The Year I Lost Everything

Three years ago, I lost my ability to type along with almost everything that I had been working for. Here’s how I recovered and what I learned along the way.

In 2011, I injured my wrists by typing too much. Yes, it can happen.

It started in the last few weeks of the fall semester of university. As I was stressing out finishing assignments and preparing for finals, I felt pain in my arms and hands as I typed. I ignored it, and hoped that the pain would go away.

It got worse. It got so bad that by the time I went home for the holidays, all I could do was lie in bed — completely paralyzed by the sharp and dull pains in my forearms and wrists.

Doctors prescribed rest and physiotherapy. I did both. And I waited.

At first I hoped for a quick recovery, but even at this time there was a feeling in the back of my mind that knew this pain was going to stay.

I hate it when I’m right.

Not many people know what chronic pain truly feels like.

The physical pain is actually not that bad. You get used to it day to day. Typing would make things much worse, so I avoided that. That left a constant dull ache that I felt I could tough out indefinitely.

The less bearable part was the uncertainty around my future and livelihood. I was finishing a math degree. I was set on working in tech. Not being able to type would have meant destroying everything that I had worked for in the past few years, plus all the tuition dollars spent on my education. If this pain was permanent, I’d have no future. I’d lose everything.

This made me deathly afraid of accepting the possibility that the pain would never go away. It was a fear that made me feel deeply vulnerable. And it was this fear that stayed with me every single moment of every day.

On top of this, I feared sharing my pain publicly. I didn’t want pity — to be labeled an invalid. I had an ego that I desperately wanted to protect.
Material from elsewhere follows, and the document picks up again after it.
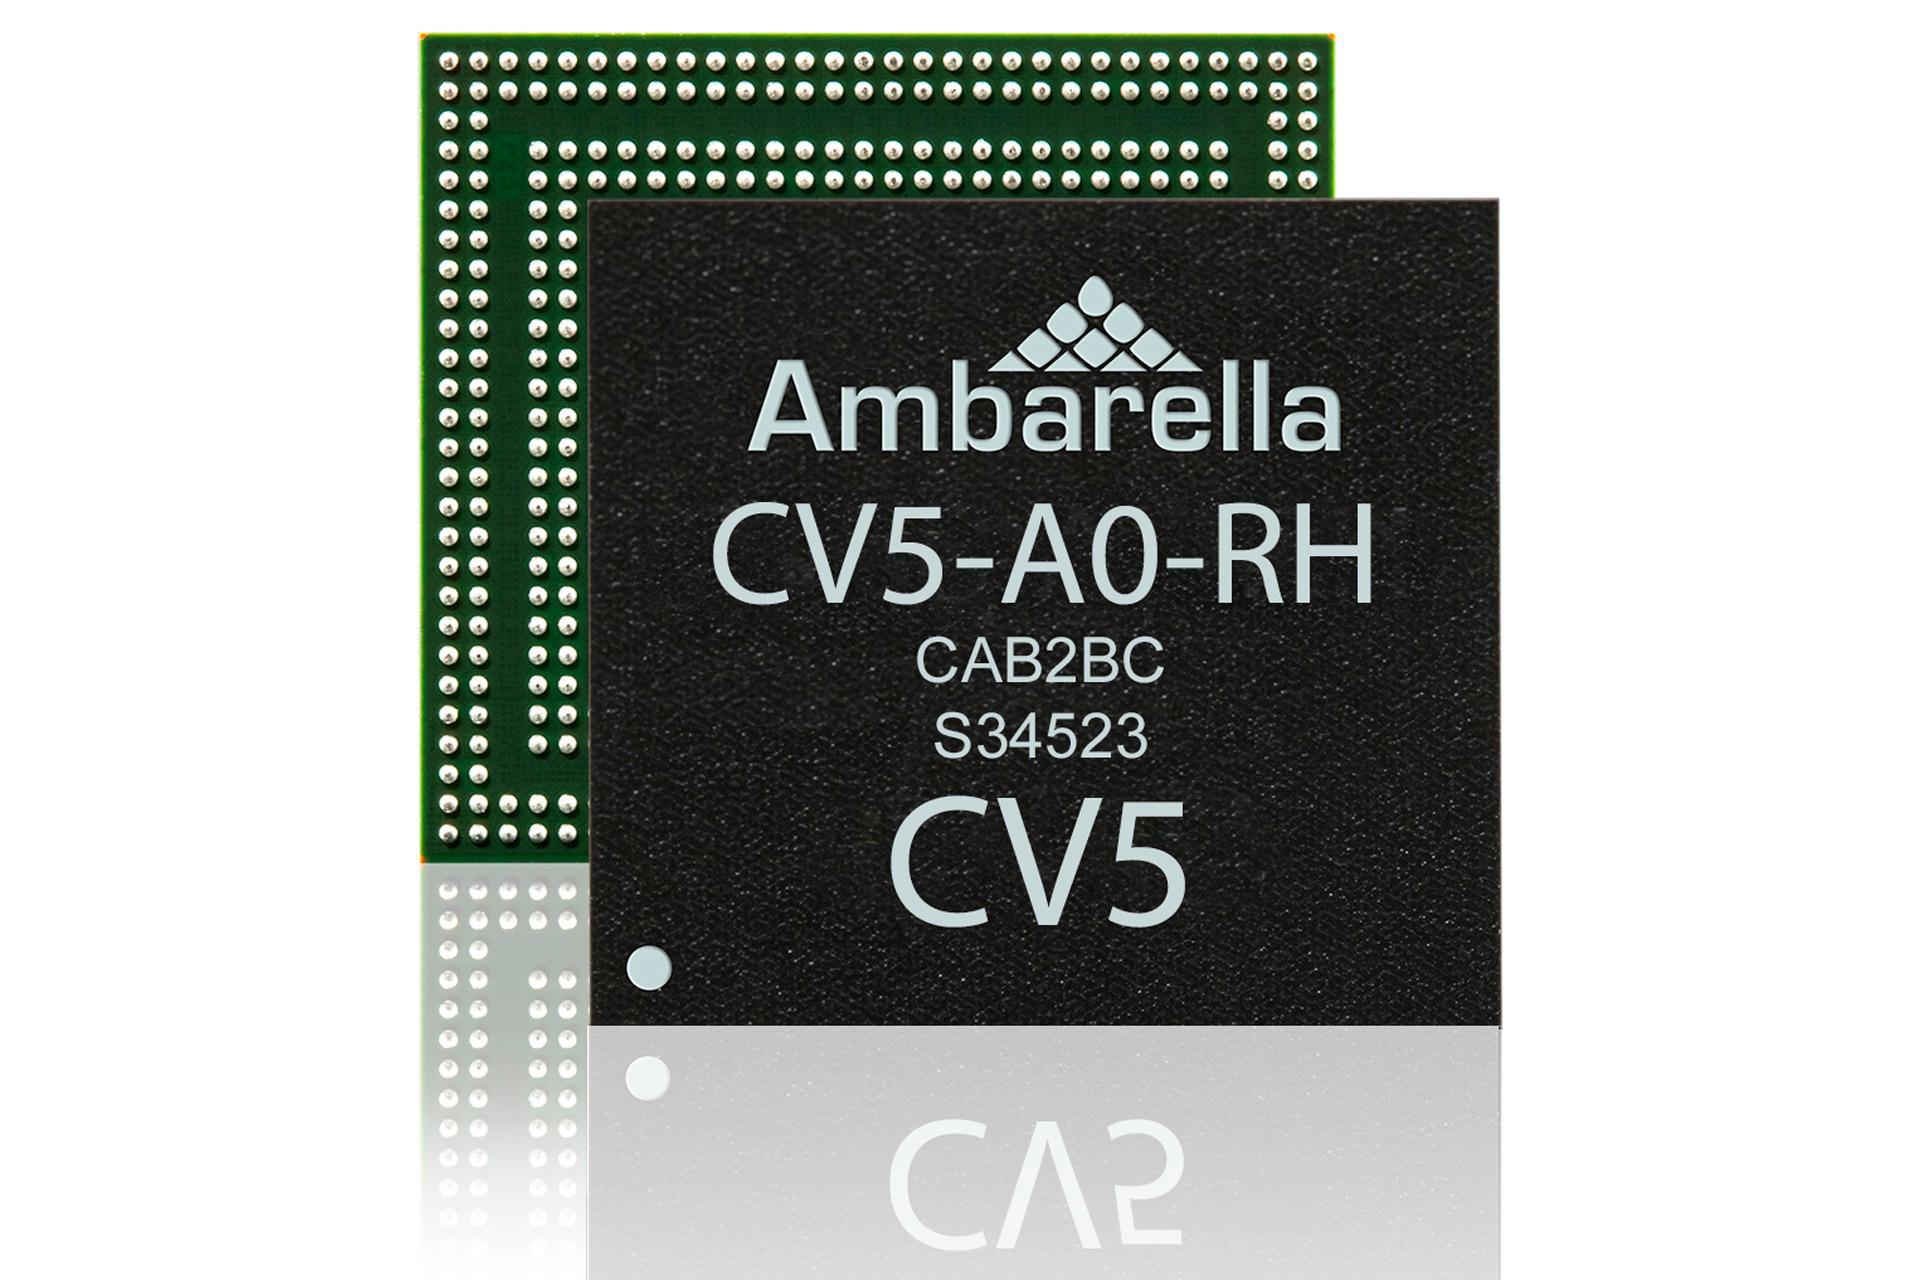 پردازنده CV5 آمبرلا، فیلمبرداری 8K را در پهپاد و اکشن کمرا ممکن می‌کند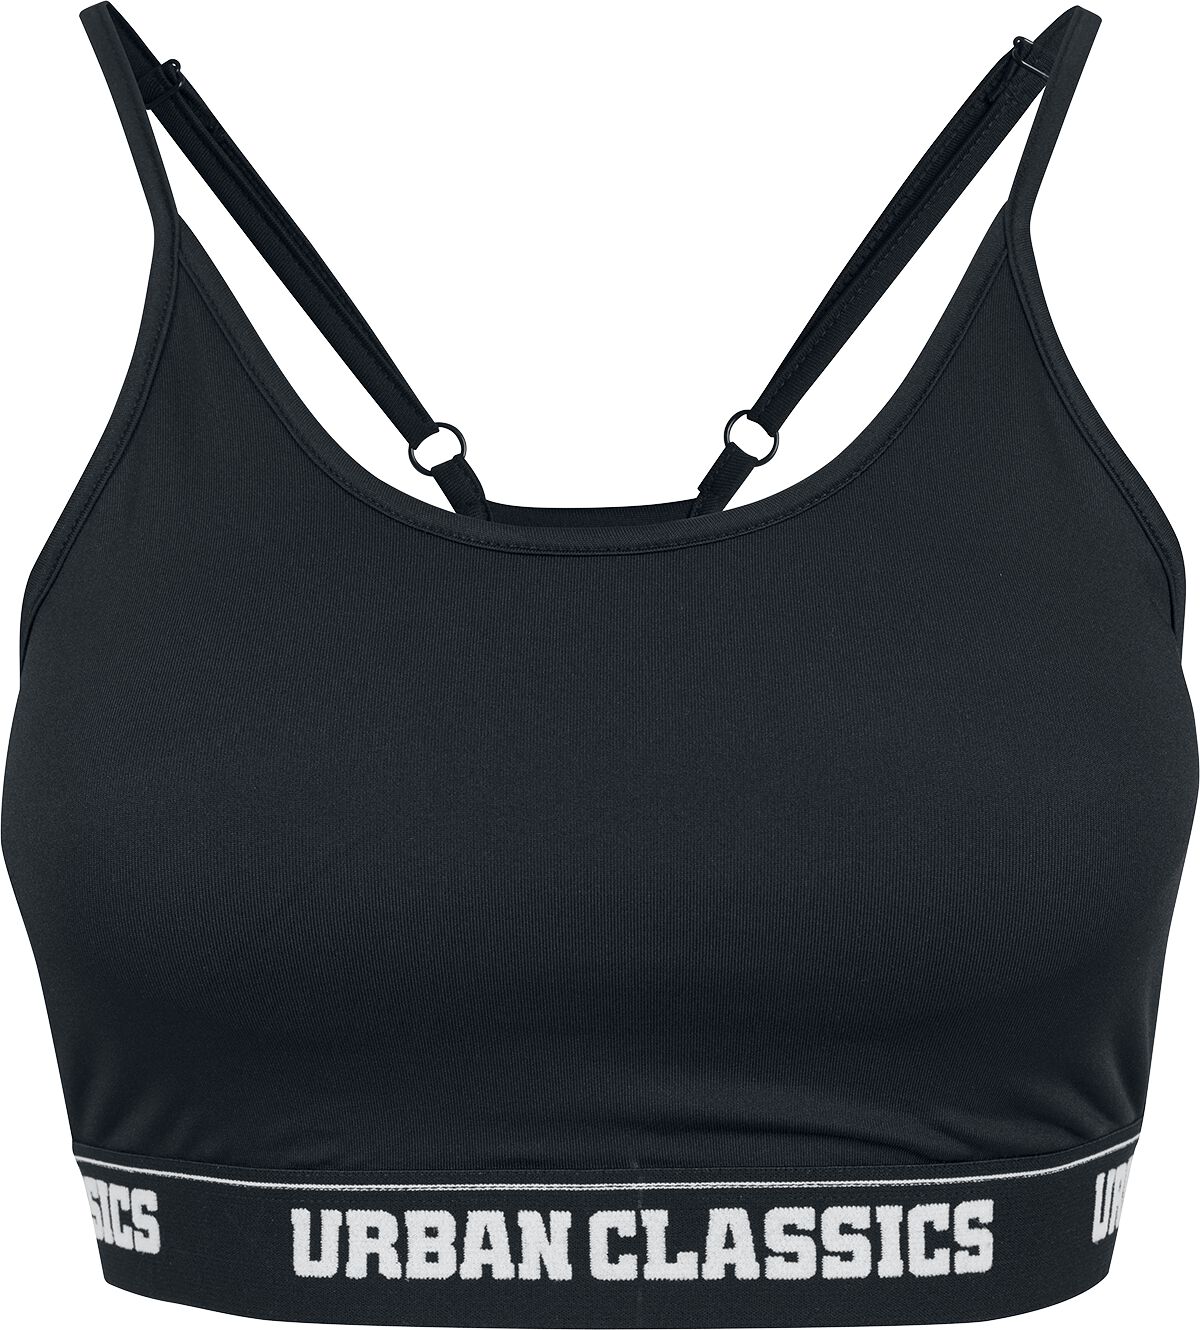 Bustier de Urban Classics - Soutien-Gorge De Sport - XS à L - pour Femme - noir

I faced judgement in my relationship with my then girlfriend. From her friends and family came harsh words — “Why are you with him?”, “He has no future”, “Give him 6 months for him to get it together or break up with him”.

I felt very alone.

Psychologist, author and holocaust survivor Victor Frankl credited his ability to find meaning in difficult times as a major factor to his surviving the concentration camps.

Everything can be taken from a man but one thing: the last of human freedoms — to choose one’s attitude in any given set of circumstances, to choose one’s own way. — Victor Frankl, Man’s Search for Meaning

Dr. Frankl lost all his freedoms. He was reduced to worrying about whether he should trade his last cigarette for a bowl of soup and whether he would die under the charge of a new brutal foreman. At that moment, he realized the only way he could retain his will to live was to create meaning. In a place where there was very little meaning and much pointless brutality, he looked within himself.

I knew that if I ever recovered from this injury with myself intact, I had to create meaning in my own life, beyond the day to day struggle to recover from my injury.

I could have dropped out of school then to live back home with my parents, hopeful that with time and leisure I would recover. But that would have robbed my life of meaning. Instead I decided to finish my degree.

Because I was so disappointed at my seemingly lost future, I came back very unmotivated in school. I barely scraped by my first semester back. But after a while, I began to let go of my expectations and started to accept my new situation. My grades slowly went back to normal, and I ended up finishing with a Bachelor of Mathematics majoring in Pure Math & Statistics in the Fall of 2012.

After graduation, I still wasn’t healed so I thought about the same option. Move back home, or find some way to make a contribution to society.

I happened to be lucky. One of my friends Lisa was starting a data visualization start-up. She needed someone who was both sociable and who knew the in’s and outs of analytics to run sales and marketing. I fit the profile.

I joined the team and we took Polychart through tens of thousands of dollars in sales and venture funding from a start-up accelerator. I excelled in my role using voice recognition and digital stylus input to send emails and write copy.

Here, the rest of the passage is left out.